_Source material:_
+===+

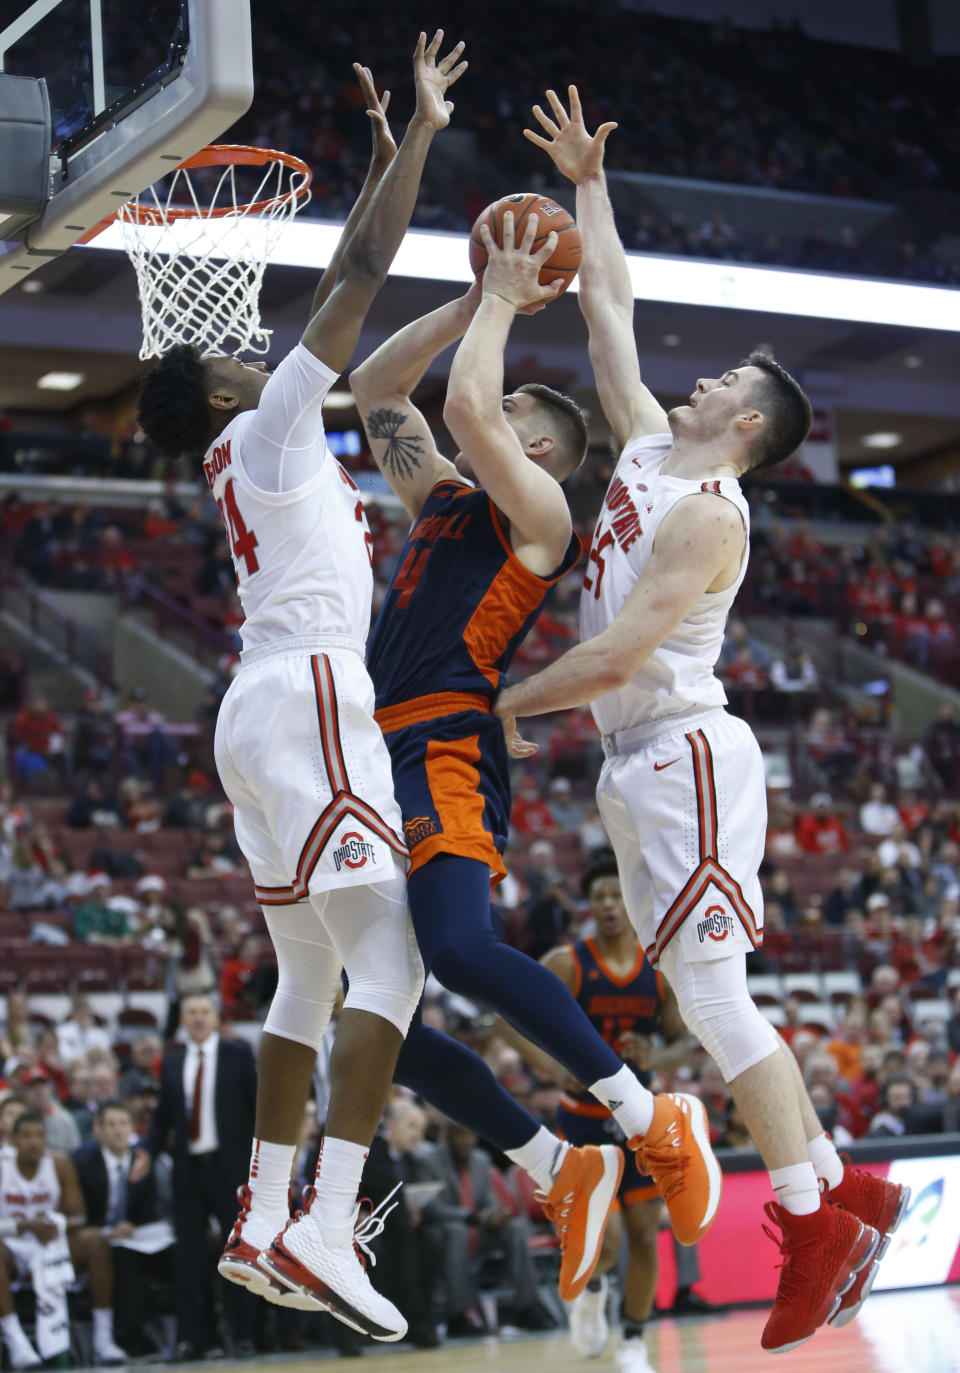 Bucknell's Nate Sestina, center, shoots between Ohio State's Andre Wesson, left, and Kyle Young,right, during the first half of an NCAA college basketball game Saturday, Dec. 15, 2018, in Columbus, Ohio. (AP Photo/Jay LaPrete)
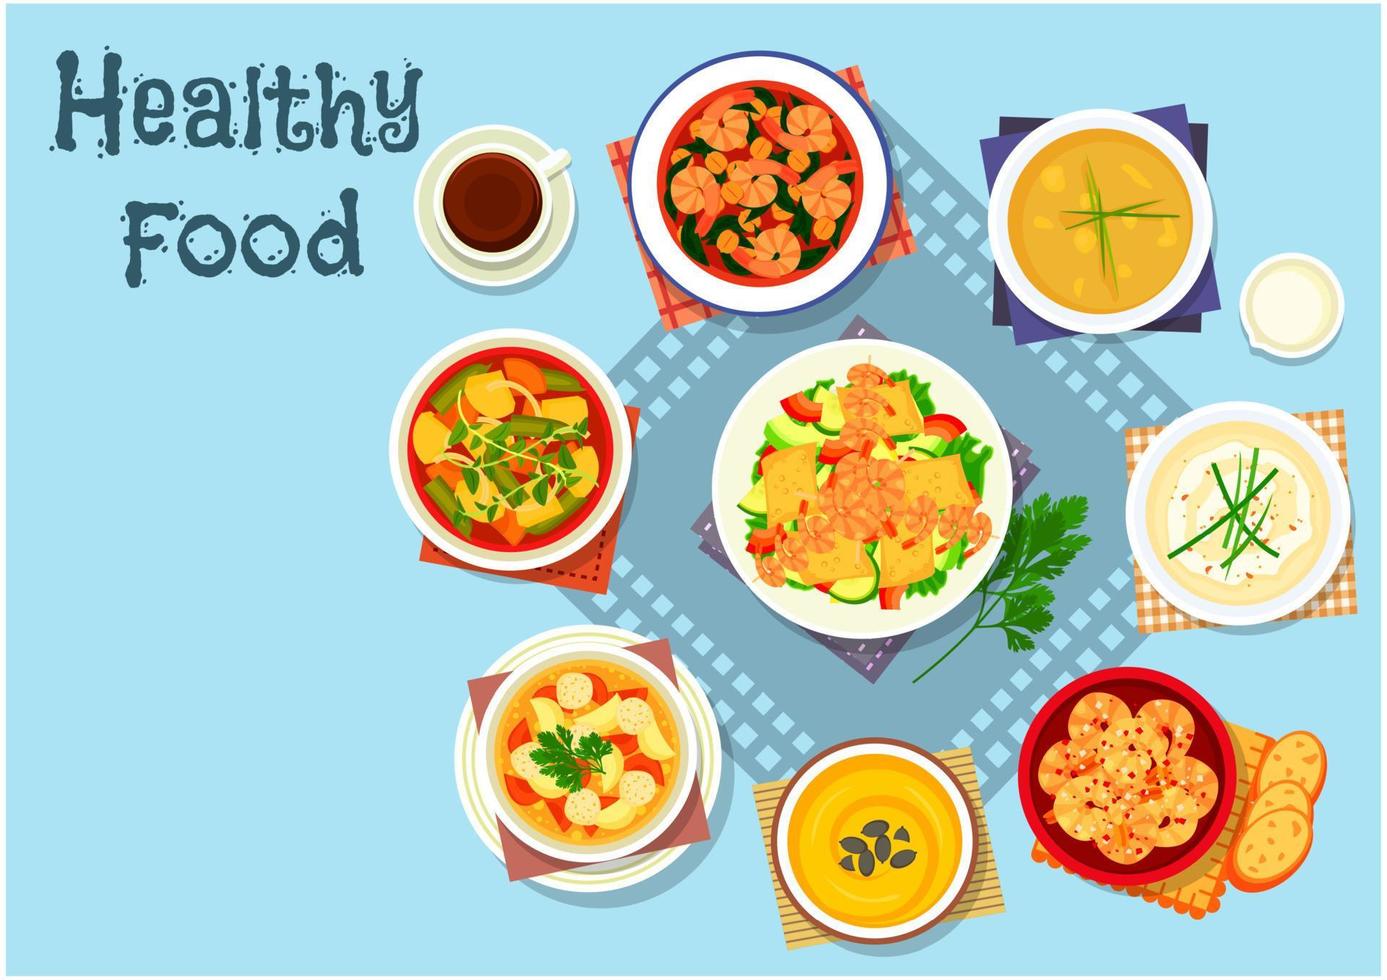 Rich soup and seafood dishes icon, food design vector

+===+

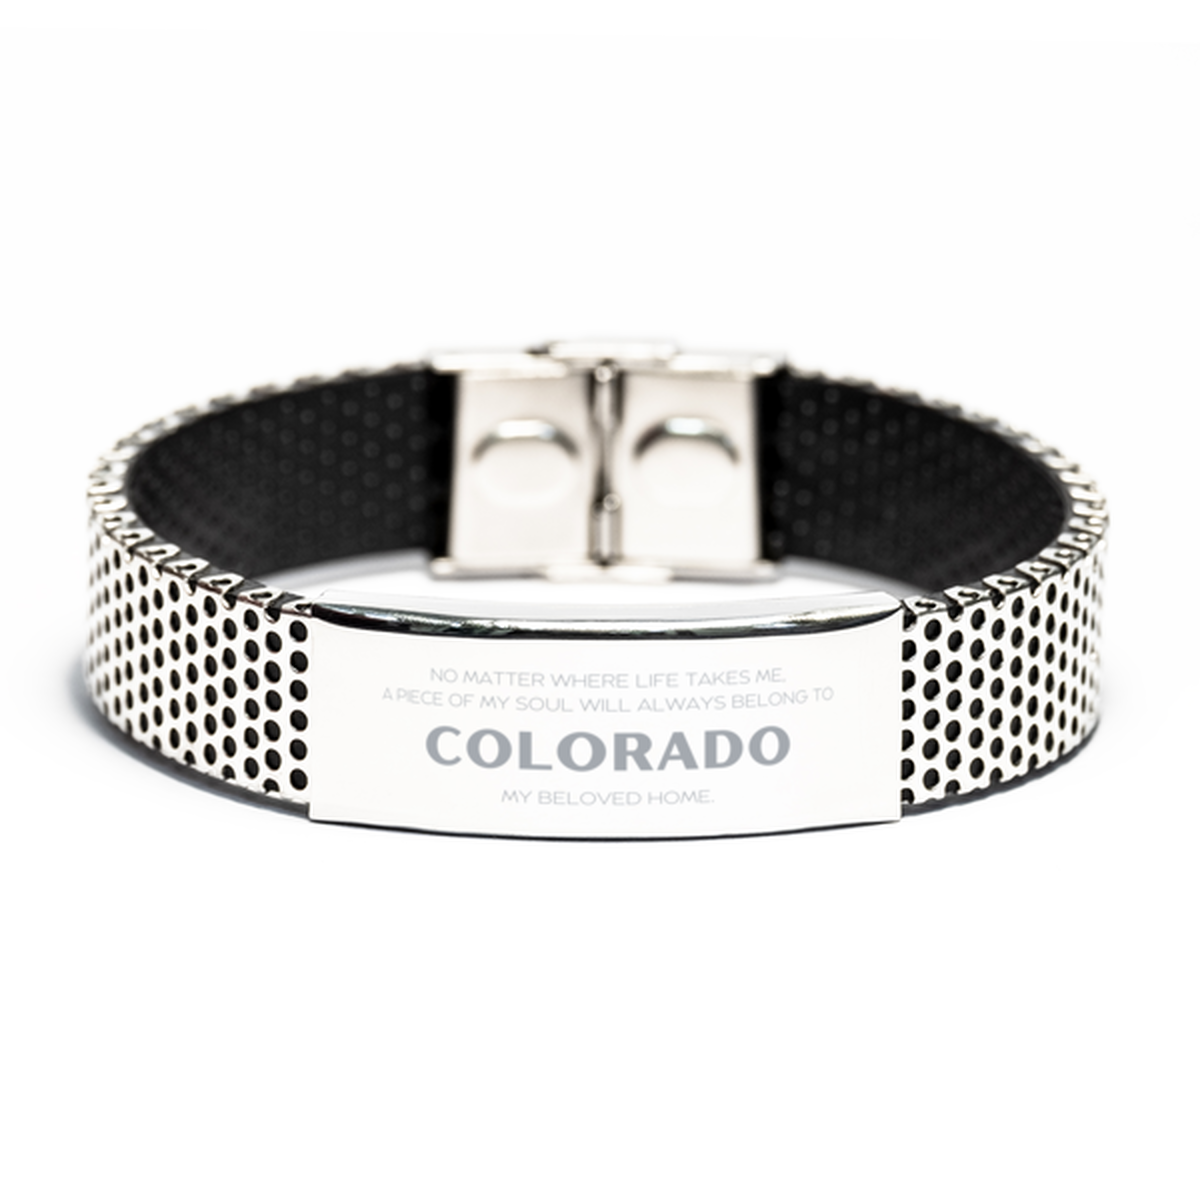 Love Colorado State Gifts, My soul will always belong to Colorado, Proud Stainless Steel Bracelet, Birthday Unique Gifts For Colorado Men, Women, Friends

+===+

_Task prompt:_
Repeat the lines above exactly, beginning with the one containing "Bucknell's Nate Sestina, center, shoots" and finishing with the one containing "Rich soup and". No pictures belong in the copy.

_Written answer:_
 Bucknell's Nate Sestina, center, shoots between Ohio State's Andre Wesson, left, and Kyle Young,right, during the first half of an NCAA college basketball game Saturday, Dec. 15, 2018, in Columbus, Ohio. (AP Photo/Jay LaPrete)
 Rich soup and seafood dishes icon, food design vector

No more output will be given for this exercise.